Anda di halaman 1dari 2

“Literasi Kegiatan Beresensi”

Eunike Gabriela Anabel

Sebuah tembok kokoh dipenuhi beberapa pigura foto. Salah satunya foto seorang anak
perempuan yang sedang memakai toga wisuda. Ya, itu diri saya sendiri, Eunike Gabriela
Anabel. Foto yang lupa diambil tahun berapa itu merupakan bukti kelulusan saya dari Taman
Kanak-Kanak (TK).

Mundur saat saya masih TK, rasanya pemahaman saya terhadap ilmu pengetahuan
melebihi anak kecil pada umumnya. Setiap hari saya selalu membaca buku, baik buku cerita
maupun buku mengenai ilmu sains. Bahkan, hampir setiap bulan saya membeli lebih dari
empat buku sekaligus, dan setiap buku-nya selalu saya baca sampai halaman terakhir.
Kemampuan saya dalam hal literasi terus berkembang. Saya menjadi mahir dalam memahami
sebuah bacaan, menyelesaikan sebuah karya tulis, bahkan memahami materi pelajaran di
sekolah. Manfaatnya terus saya rasakan sampai tingkat Sekolah Menengah Pertama (SMP).
Namun sayangnya, saya sangat merasa kurang berliterasi mulai saat pandemi Covid-19.
Banyak hal yang berubah. Saya lebih lambat dalam memahami sebuah bacaan dari biasanya
dan hal ini berpengaruh kepada kemampuan saya dalam bidang akademik maupun non-
akademik. Saya terus merasa tertekan dan lebih sering menangis. Saya merasa gagal dan
menjadi orang paling bodoh di dunia. Namun, saya menyadari suatu hal saat di tingkat
Sekolah Menengah Akhir (SMA). Saya kurang termotivasi dan terlalu larut dalam kesedihan.
Saya berusaha untuk berubah menjadi pribadi yang lebih baik dan mulai serius dalam
berbagai hal. Saya mulai mencari kekurangan saya dari hasil PTS yang sudah diberikan. Dan
ternyata, salah satu kekurangan saya adalah literasi.

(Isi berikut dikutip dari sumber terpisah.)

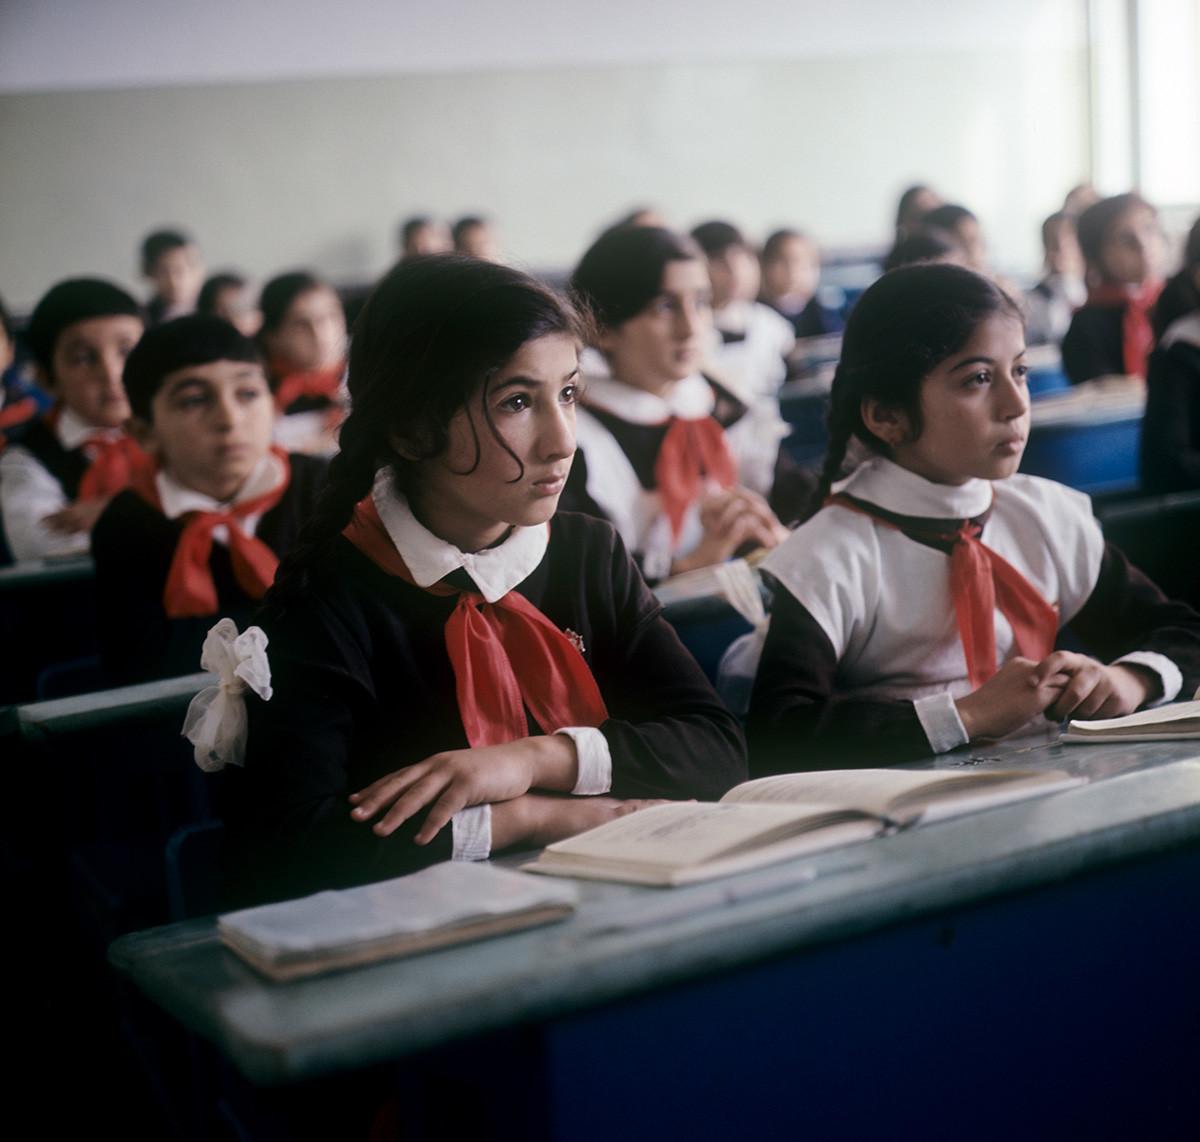 Pri pouku aritmetike v 5. razredu šole št. 15. Sumgait, Azerbajdžan

Sejak pandemi saya kurang berliterasi. Maka dari itu, saya mulai meningkatkan
kembali kemampuan literasi saya. Saya lebih sering menghabiskan waktu dengan buku
bacaan atau bahkan artikel yang tersedia di internet, mengasah kemampuan menulis saya, dan
kegiatan berliterasi lainnya. Bahkan rasanya, saya lebih sering datang ke perpustakaan di
sekolah dibandingkan menyelam di media sosial. Hasilnya memang belum tampak. Namun,
saya dapat merasakan kemajuan secara perlahan dari diri saya sendiri.

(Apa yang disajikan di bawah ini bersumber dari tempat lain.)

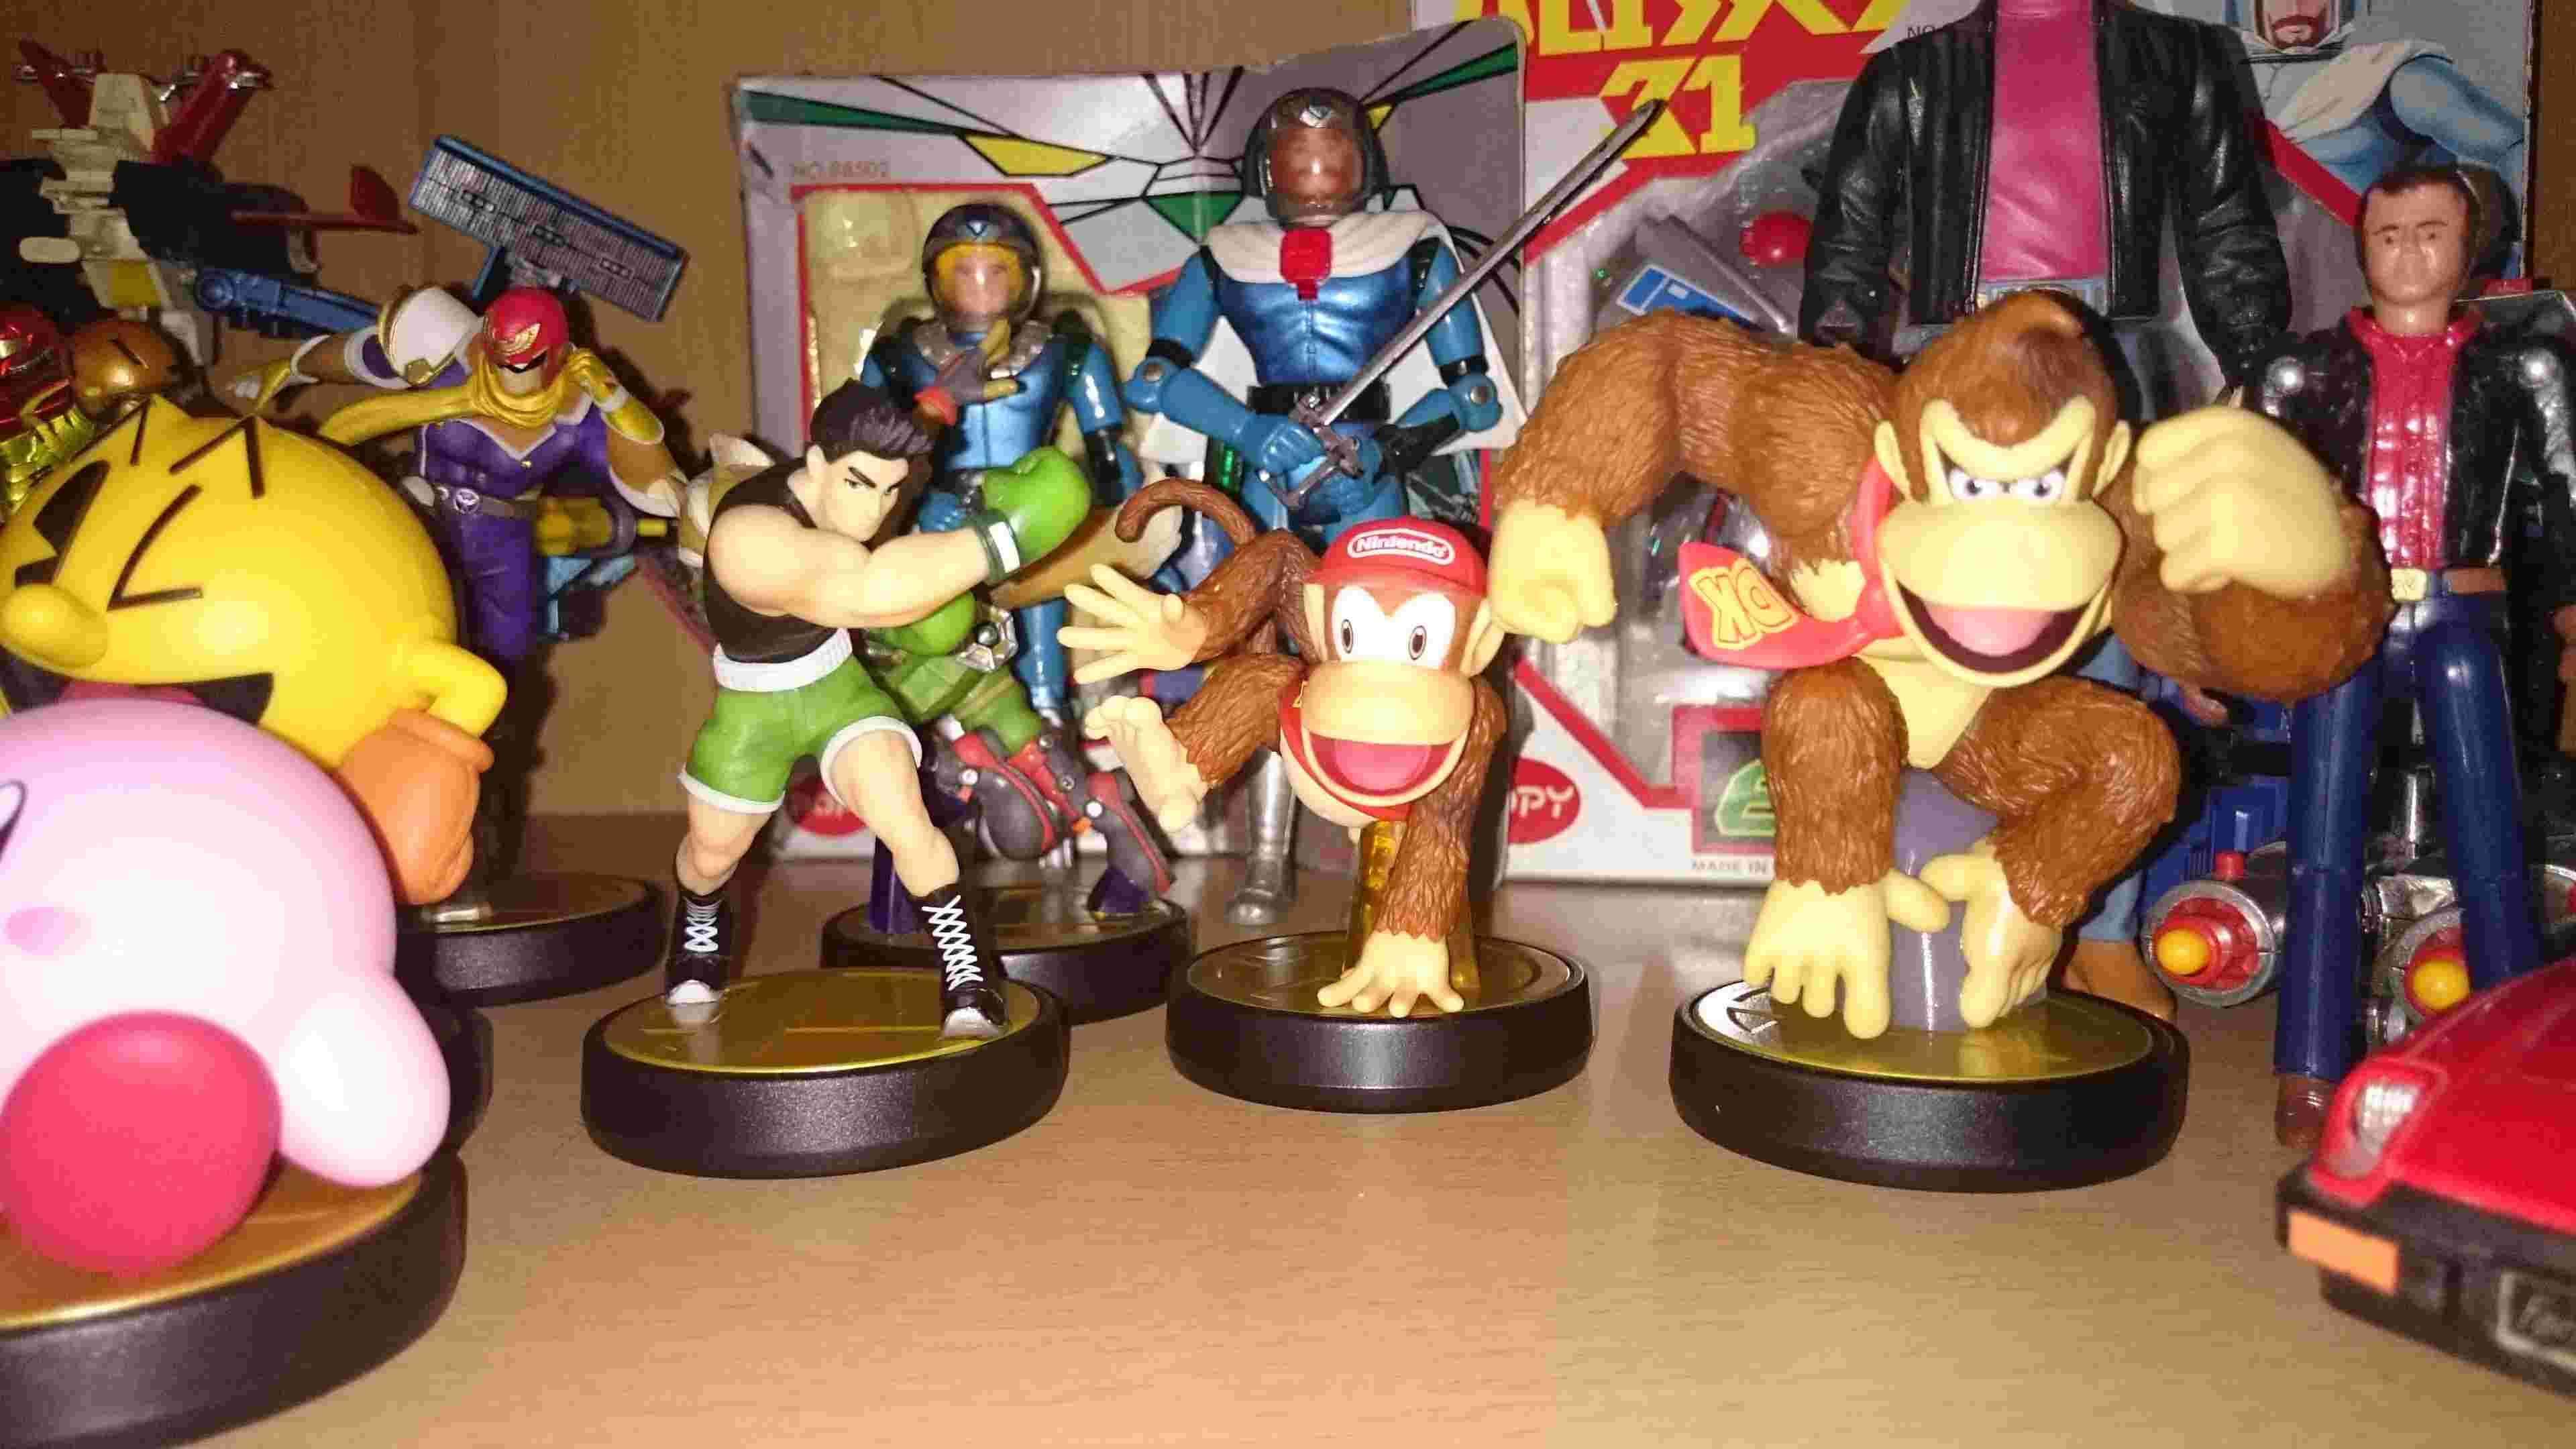 Postez vos photos figurines Nintendo WiiU Amiibo ! Amiibo12

Pada akhirnya, saya mengerti bahwa literasi sangat dibutuhkan untuk membentuk
kemampuan bahkan karakter dari pelajar. Dan saya yakin sekali, jika setiap pelajar di
Indonesia terus meningkatkan kemampuan berliterasi mereka, pastinya negara Indonesia
tidak akan menempati posisi sepuluh negara terbawah yang memiliki tingkat literasi rendah.
Maka dari itu, saya sangat mengajak dan mengharapkan teman-teman satu bangsa
untuk terus berliterasi, kapanpun, dimanapun, dan dengan siapapun. Kaislah ilmu
pengetahuan. Bangunlah citra nama bangsa dengan literasi.